Habib Metropolitan Bank Limited (HMB) reported a marginal increase of 0.36% in its profit after tax for the half-year ended June 30, 2025, amounting to Rs12.01 billion, compared to Rs11.96 billion in the same period last year.
The bank declared an interim cash dividend of Rs2.5 per share, maintaining its previous payout rate. The basic and diluted earnings per share (EPS) slightly decreased by 0.09% to Rs11.11, down from Rs11.12 in FY24. Following the announcement, the bank’s share price has fallen by over Rs 4.3 (3.7%). Opening today at Rs 117, at the end of the trading session, the HMB stock was trading at around Rs 112.17.

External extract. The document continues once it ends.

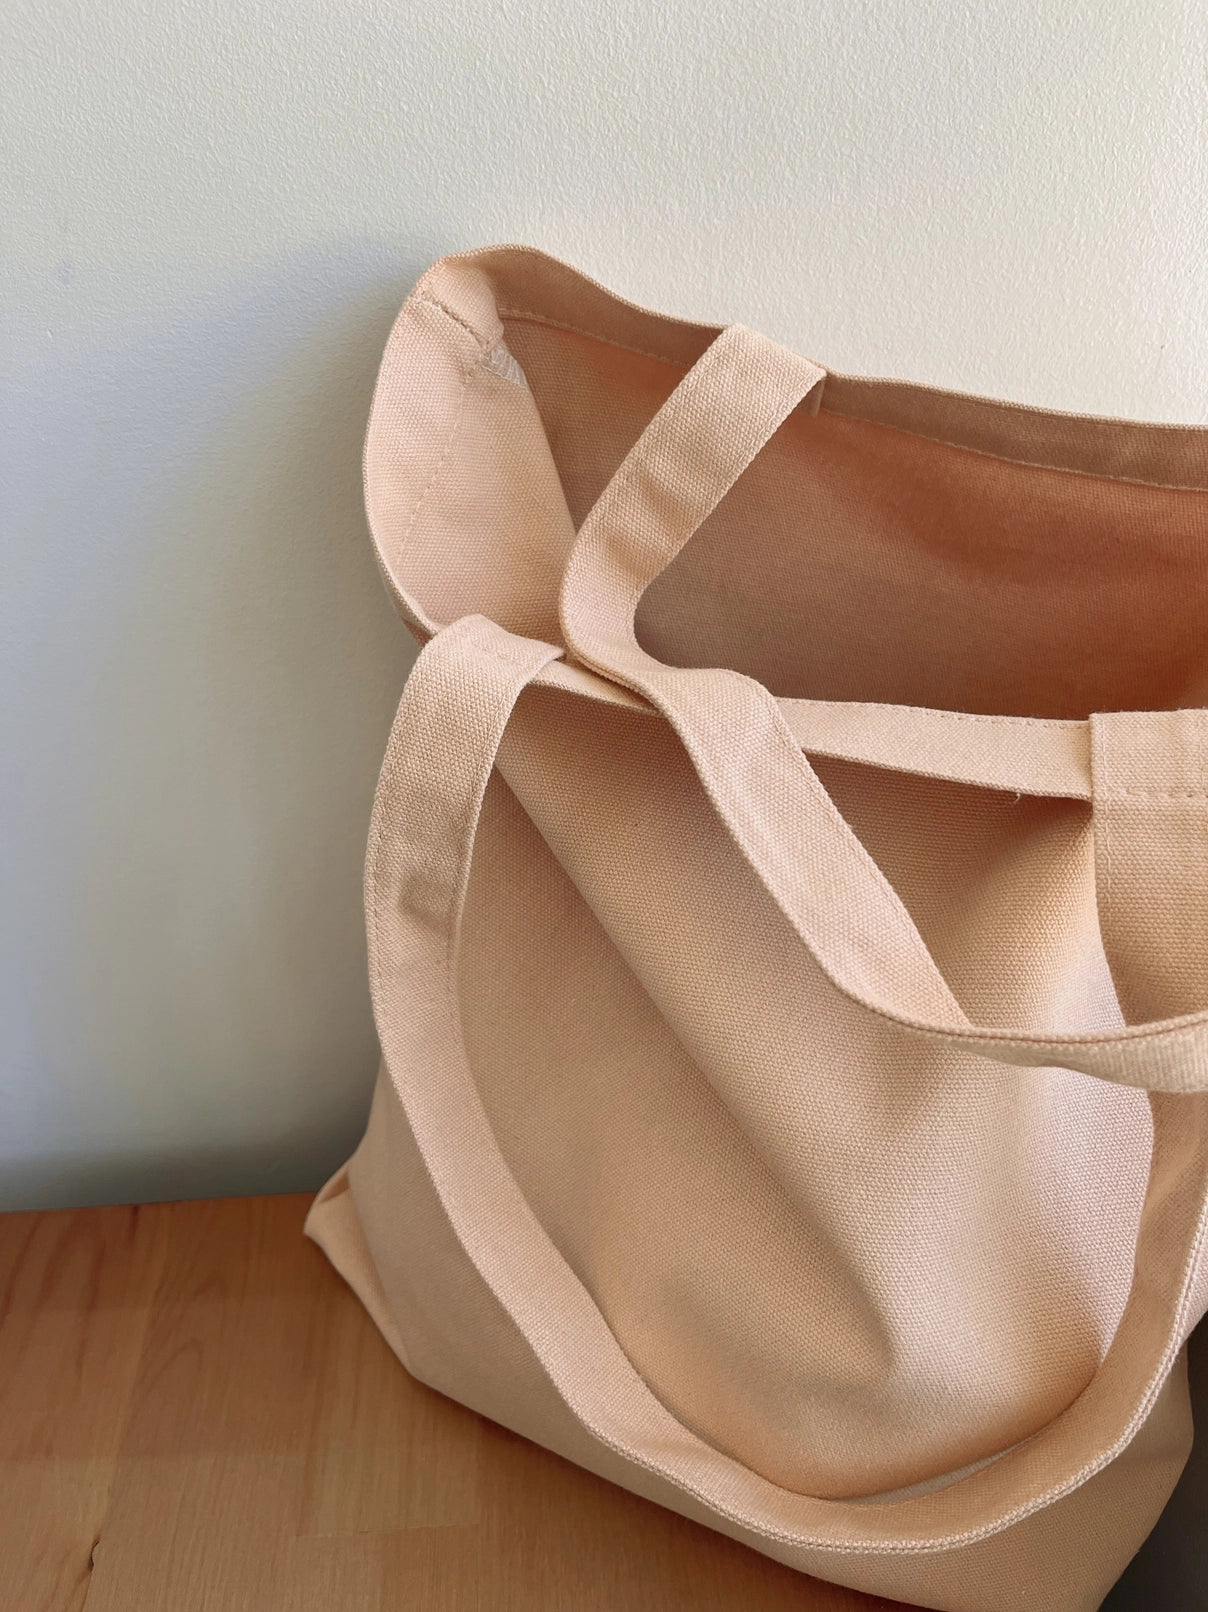 Simple Canvas Tote Bag

HMB’s net mark-up/interest income grew by 11.88%, reaching Rs36.03 billion, driven by a reduction in mark-up/interest expense, which fell by 47.21%. Non-mark-up/interest income also showed growth, increasing by 24.04% to Rs11.73 billion, primarily supported by a 102.27% rise in gains on securities and a 22.52% increase in foreign exchange income.
Operating expenses rose by 23.07% to Rs19.89 billion, while credit loss allowance declined by 45.74%, resulting in a 13.24% increase in profit before taxation to Rs25.93 billion. Taxation grew by 27.32% to Rs13.92 billion.
The bank’s overall performance reflects growth in key revenue segments, particularly non-mark-up income, despite challenges in mark-up/interest income.